Brief → Copy exactly the lines from the line holding "Sicily - License Plate Frame" through the end of the material, and no others; pictures stay out.

Material provided →
- Opening Delimiter -

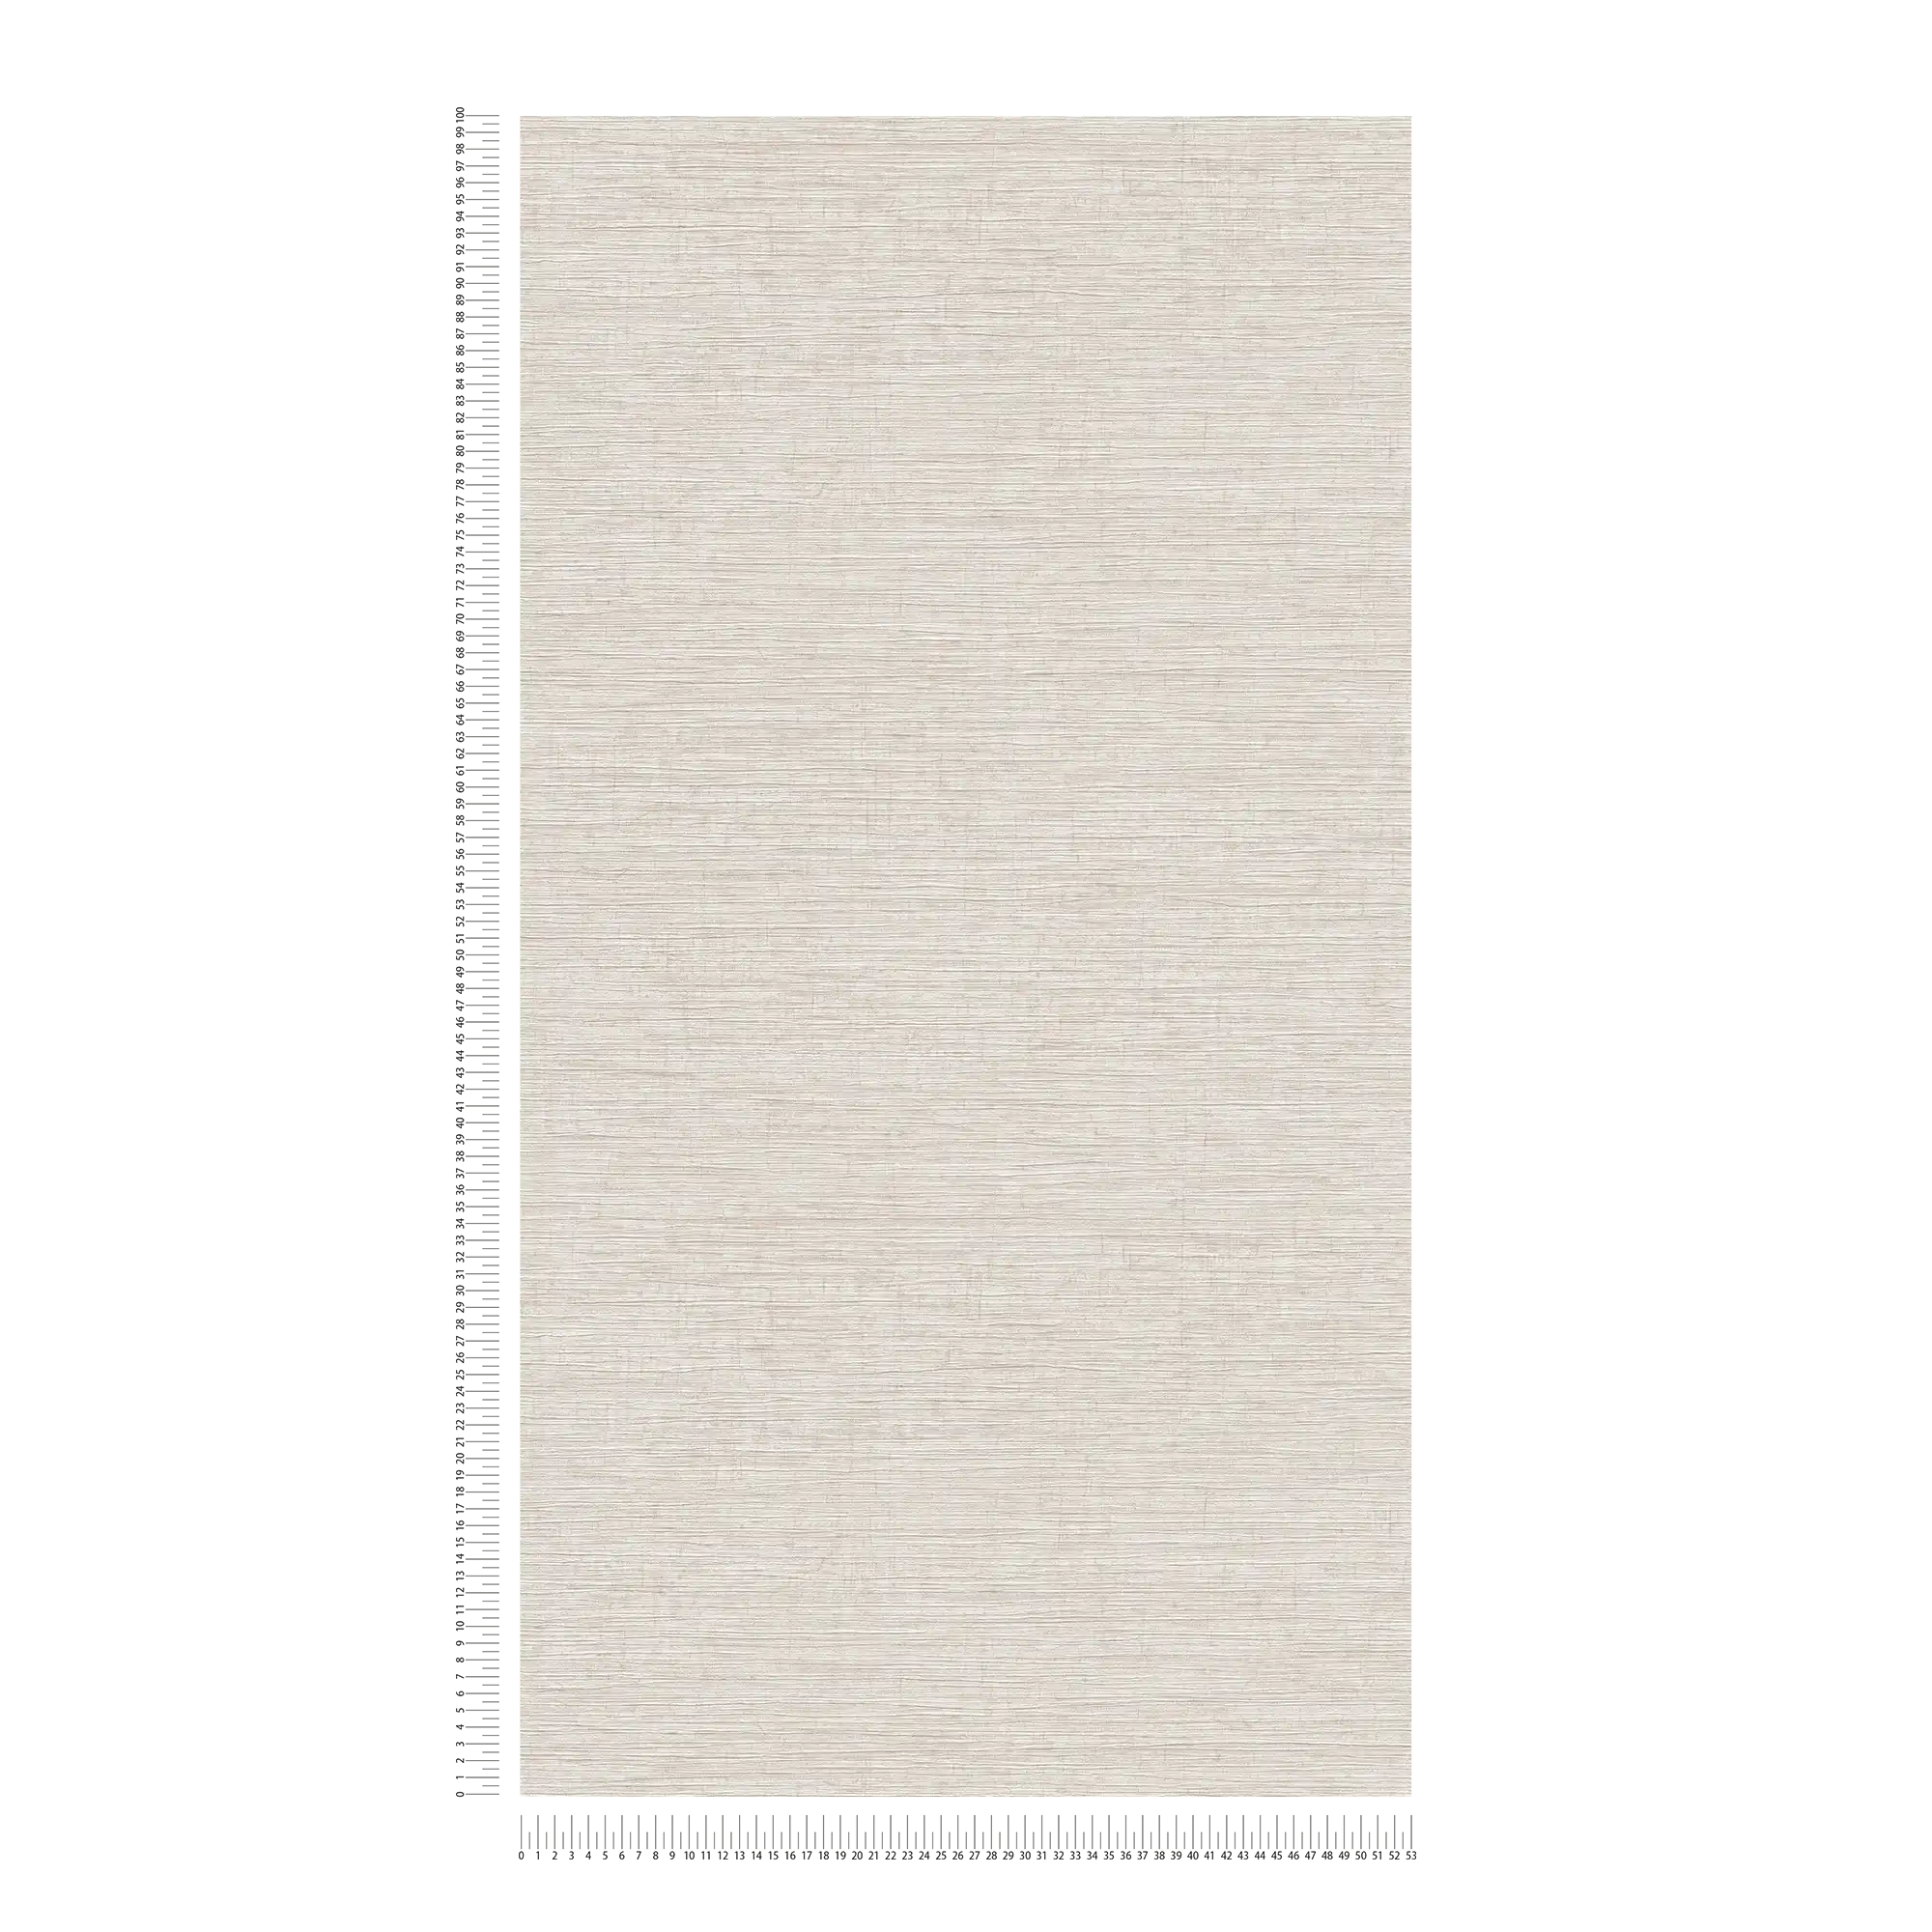             Papier peint intissé chiné avec motif textile gaufré - beige, marron, gris
        
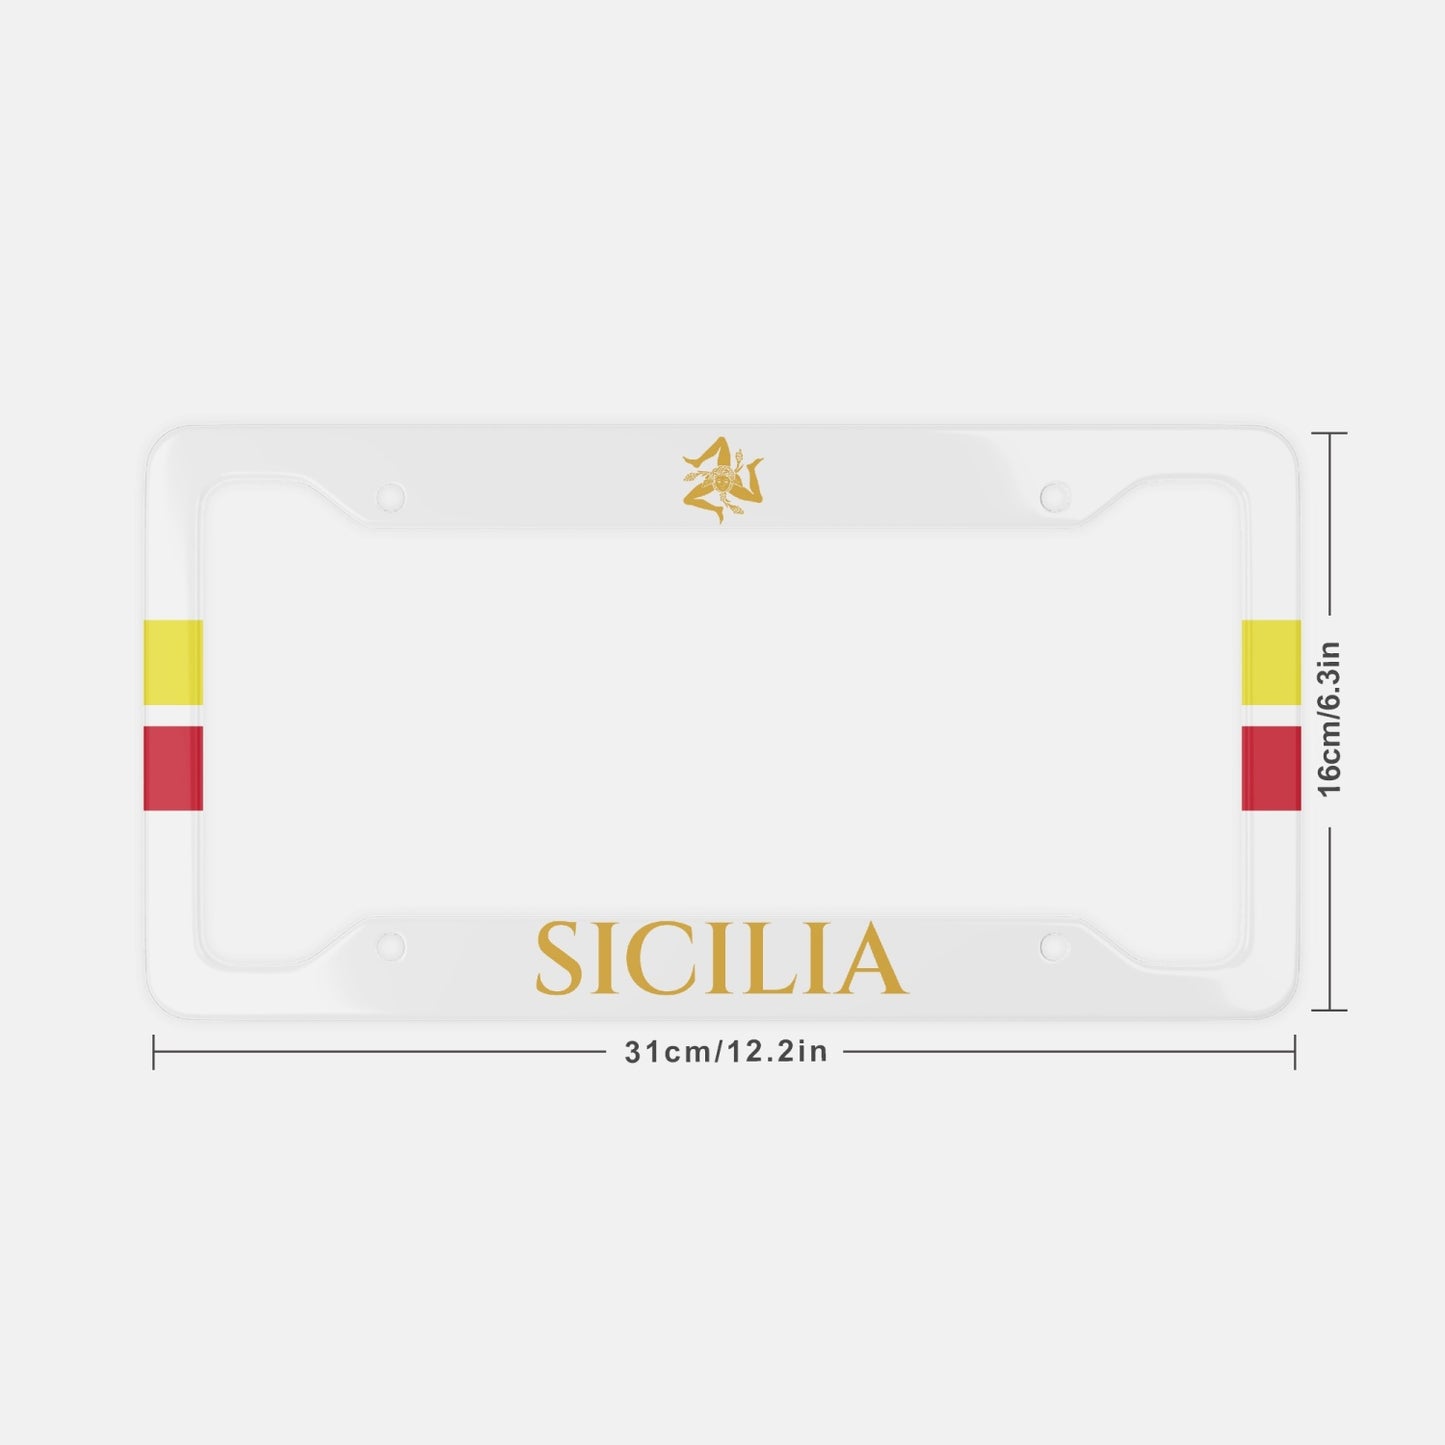 Sicily - License Plate Frame
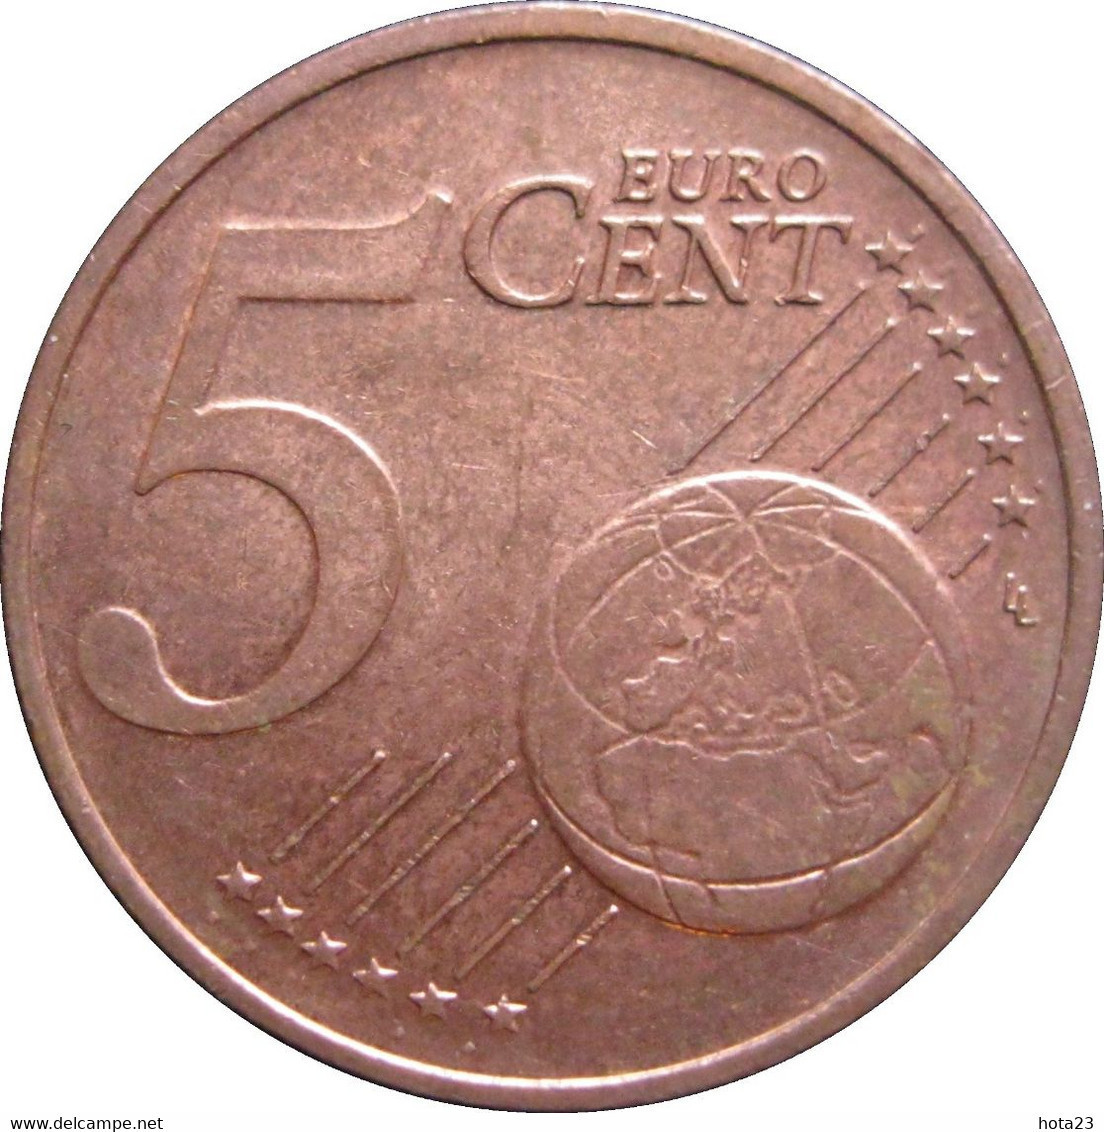 Cyprus : CHYPRE 5  EURO  Cent 2011   EIRO CIRCULEET COIN - Chypre

- Closing Delimiter -

Output →
 Sicily - License Plate Frame
 Cyprus : CHYPRE 5  EURO  Cent 2011   EIRO CIRCULEET COIN - Chypre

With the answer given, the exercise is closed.